Please schedule an appointment with your OB/GYN and tell your doctor about all of these feelings, because the doctor can refer you to someone who can help you work through this. It will take time, but I assure you it is doable.
Dear Abby: My boyfriend and I have been together for close to a year now. In the beginning, we were crazy about each other and everything was great.
Our hometowns are two hours apart so, to make it work, he bought us a house right in between. It was an hour each way to our parents’ houses. I thought it was the perfect compromise. But now he’s telling me he isn’t happy here in our new town, and he needs to sell the house and move back home.

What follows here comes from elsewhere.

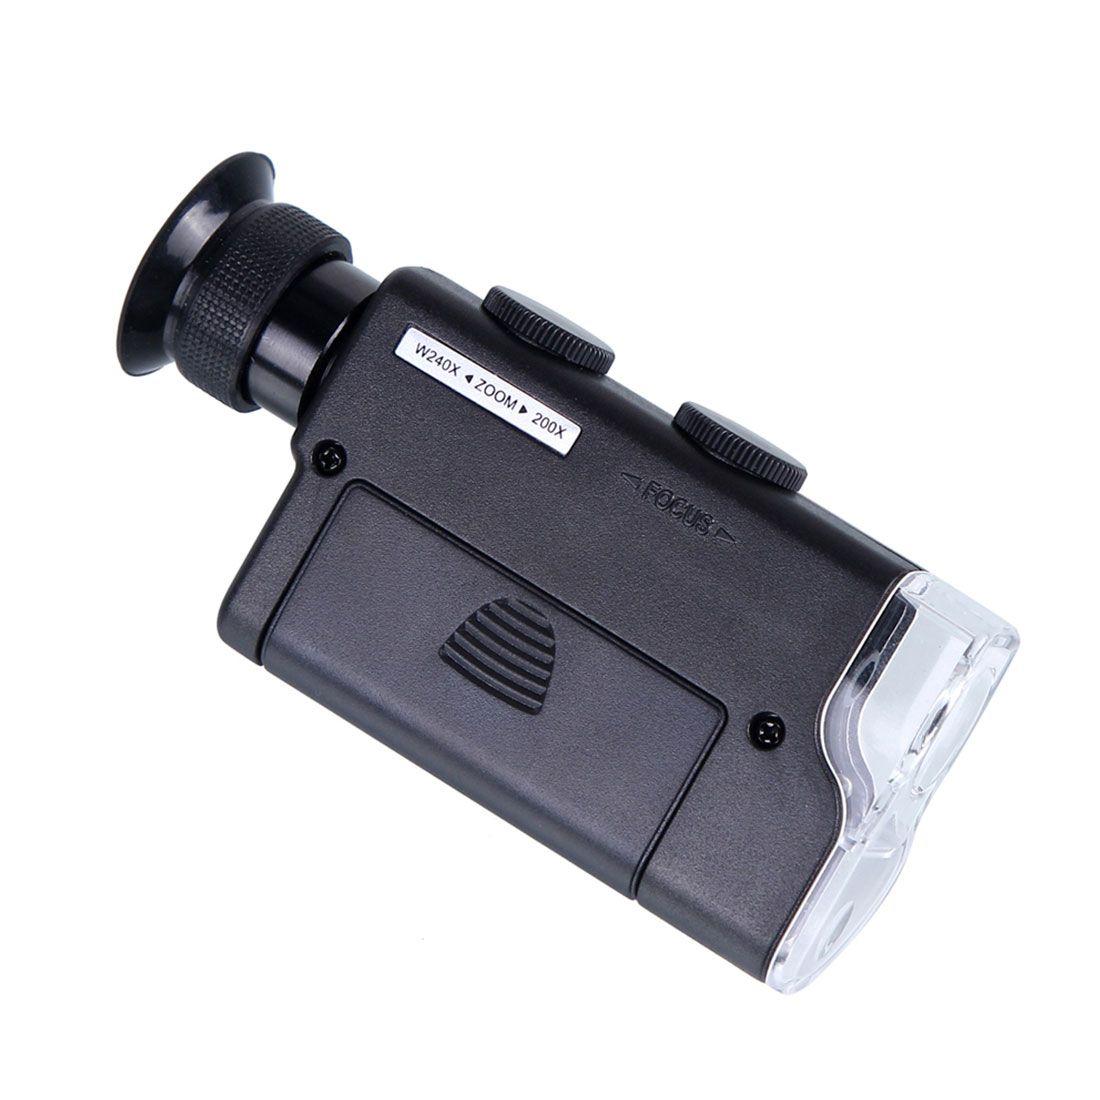 Mini Portable Microscope Pocket 200x 240x Handheld Led Lamp Light Loupe Zoom Magnifier Magnifying Glass Pocket Le Pocket Microscope Lamp Light Magnifying Glass

He says he still wants to be with me and that we are going to make it work, but I can’t help but be scared that this is gonna be the end of our relationship. Should I tough it out and see if we can actually make it work? Or do I call it quits and let go because maybe it is just not meant to be?
— Mixed Up in Massachusetts
Dear Mixed Up: You left out one important fact in your letter to me. WHY does your boyfriend need to sell the house you share and move back home? Is he so closely tied to his parents that being an hour away is too far? Is it work-related? Is he dissatisfied with your relationship? Ask him these questions because the answers will tell you what you can expect. My advice is to let things play out a bit more before making any decision other than to put the house on the market.
Dear Abby: I’m one of those sad, stupid women who hang onto dreams of being with the man I love. I will be 70 next year, and I have spent more than 20 years waiting first for his children to grow up, then for the company to grow, etc. It never ends. How I got into this mindset, I can’t explain.
It’s too late for me, but I want to pass this on to younger women: Get a life. Expand your horizons. Go to school. Be yourselves. Make YOURSELF happy. Dreams are dreams; life is reality. I’m not asking you for advice, Abby, because I now see the light.
— Finally Knows in Illinois
Dear Finally Knows: Please don’t call yourself names. You have learned a valuable lesson, and thank you for wanting to share it. What you wrote is true, and I hope it will provide inspiration to the women to whom you are addressing your message. And one more thing: It is NOT necessarily “too late” for you. Your life isn’t over, and if my life is any example, you never know where the road will lead you.